President of Canisius College
- In office 1966 – July 1, 1993
- Preceded by: ?
- Succeeded by: Vincent Cooke, S.J.

Personal details
- Born: c. 1922
- Died: June 15, 1994 (aged 71–72) Buffalo, New York
- Alma mater: University of Freiburg (Ph.D.) University of Innsbruck Woodstock College Canisius College (B.A.)
- Profession: Jesuit priest Academic administrator

= James Demske =

American Jesuit priest and educator

James M. Demske, S.J., (c. 1922 – June 15, 1994) was an American Jesuit priest, academic, academic administrator and, expert on existentialism. Demske served as the President of Canisius College, a private Jesuit college in Buffalo, New York, for 27-years from 1966 until 1993. Under Demske's administration, Canisius College established its school of business. Demske also increased Canisius' endowment from just $1 million in 1966 to more than $27 million by 1993.

==Biography==
Demske, a native of Buffalo, New York, began his studies at Canisius College prior to World War II. He left Canisius during the war to enlist in the United States Army, where he served as an Army captain and company commander in the European theatre of World War II.

Demske returned to Canisius College following the war and received his Bachelor's of Arts degree in 1947.
 He entered the Society of Jesus, also in 1947. He received a licentiate in philosophy the former Woodstock College in Maryland in 1951, as well as a licentiate in theology in 1958 from the University of Innsbruck in Austria. In 1957, he was ordained as a Jesuit priest in Innsbruck. Demske later completed his doctorate in philosophy at the University of Freiburg in West Germany in 1962.

Demske taught philosophy at St. Peter's College (now known as Saint Peter's University) in Jersey City, New Jersey, from 1951 to 1954. He then became a professor of theology and Master of Novices at the former Bellarmine College seminary in Plattsburgh, New York, from 1963 until 1966. An expert on existentialist philosophy, authored a number of books on the subject, including a textbook, "Introductory Metaphysics," in 1955; "Encounters with Silence" (1960), which examined existentialist philosophy; and "Being, Man and Death" (1970), which explored the philosophy of German philosopher, Martin Heidegger.

===Canisius College===
In 1966, Father Demske became the President of Canisius College, his alma mater. Demske oversaw the expansion of Canisius during his 27-year tenure from 1966 until 1993. Demske nearly doubled the total student enrollment at Canisius to approximately 4,700 students by 1994, marking a 70% increase in enrollment. Demske established the School of Business, which accounted for one-third of all students by the 1990s. He also expanded Canisius' elementary and secondary education majors.
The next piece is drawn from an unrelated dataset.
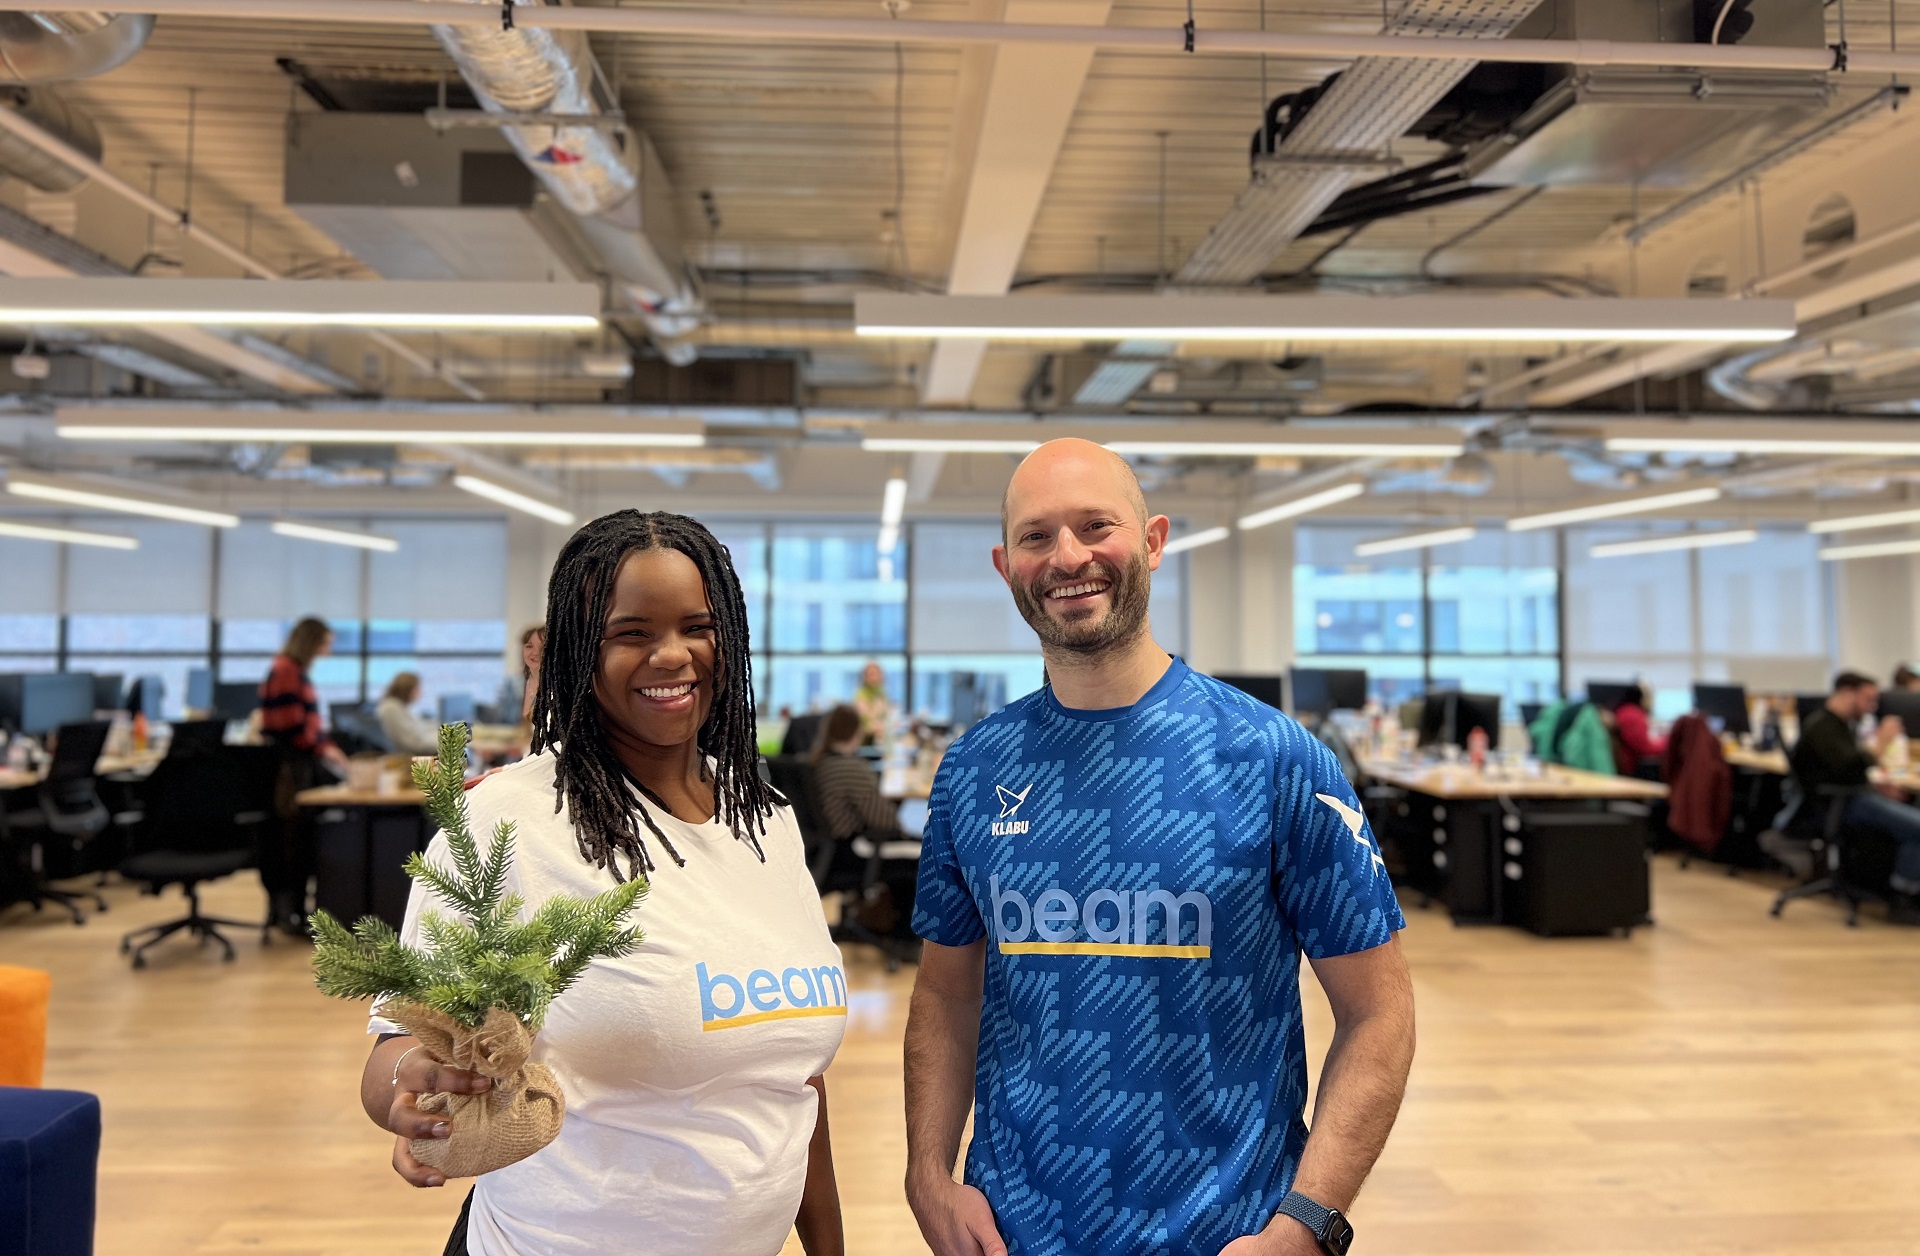 Beam's CEO, Alex Stephany and Regina from South London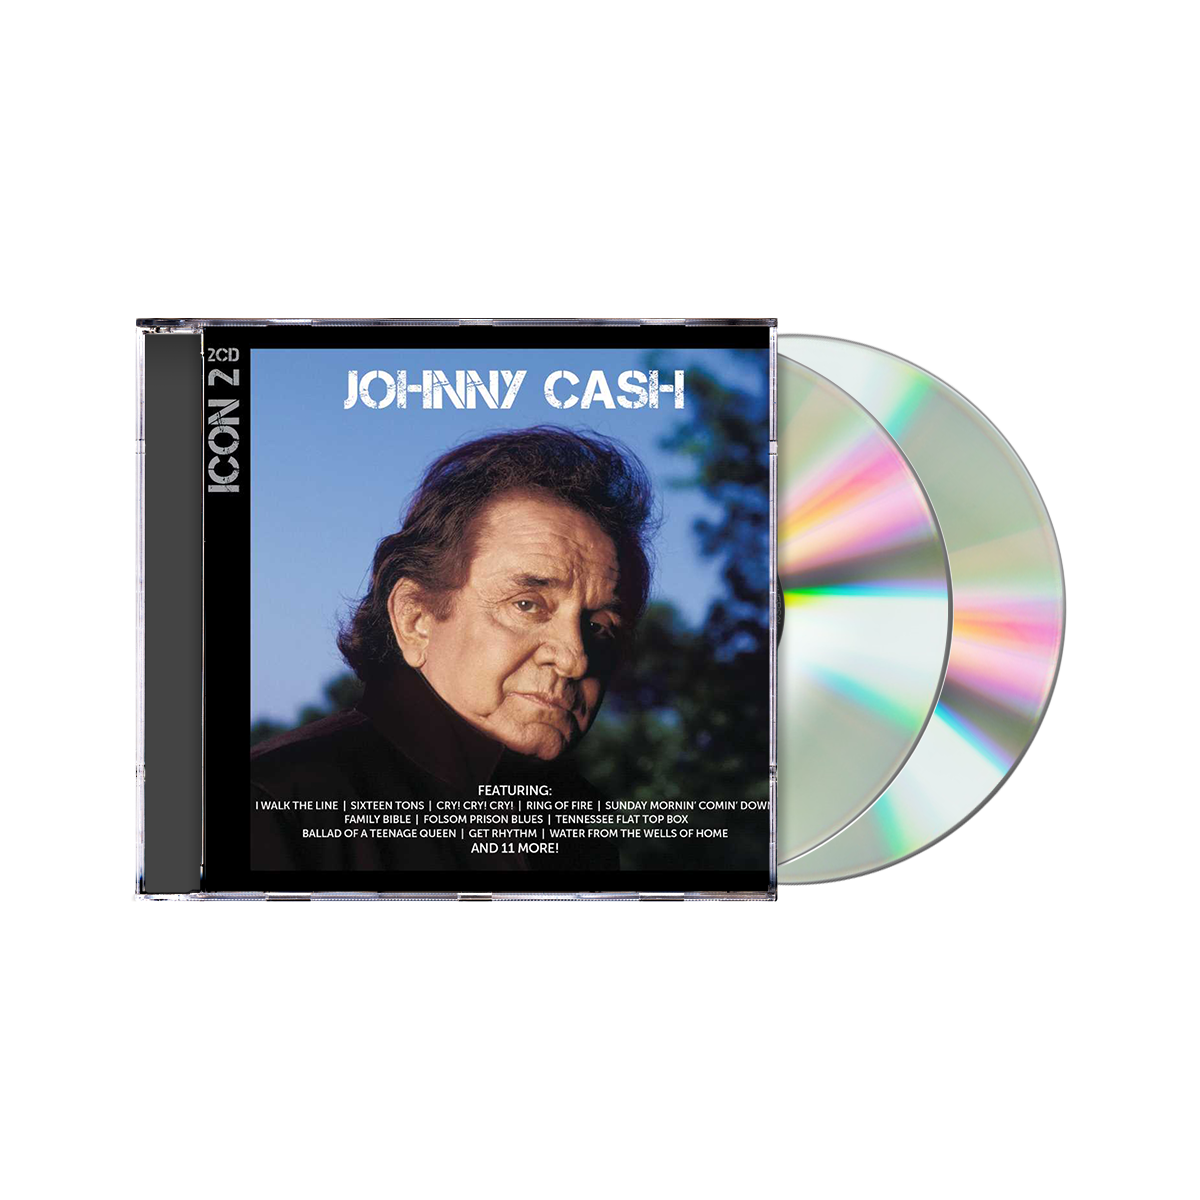 Johnny Cash - ICON 2 CD – uDiscover

Under Demske's administration, Canisius' endowment grew from just $1 million in 1966 to $27 million by 1993. Additionally, a number of new buildings were added to the campus during Demske's tenure, including the Churchill Academic Tower, the Demske Sports Complex, the former Health-Science Center, and the Koessler Athletic Center.

Demske retired as President of Canisius College in 1993 after 27 years in office. However, Demske remained at Canisius as chancellor from 1993 until his death in 1994. He was succeeded by Father Vincent Cooke, S.J.

Demske was an openly admitted enemy of Paul Snyder and the Buffalo Braves, believing the professional basketball team to be a threat to the Canisius basketball team's viability. In his capacity with Canisius, according to Snyder, Demske tried to block the Braves from getting viable dates to use Buffalo Memorial Auditorium, forcing the team to play part of its home schedule in Toronto and play much of the rest on off-prime days. Snyder later cited this feuding as the primary reason for his dismantling, sale and ultimate relocation of the Braves in the late 1970s.

Father James Demske died from complications of leukemia at Sisters of Charity Hospital in Buffalo, New York, on June 15, 1994, at the age of 72. He had first been diagnosed with leukemia in May 1992.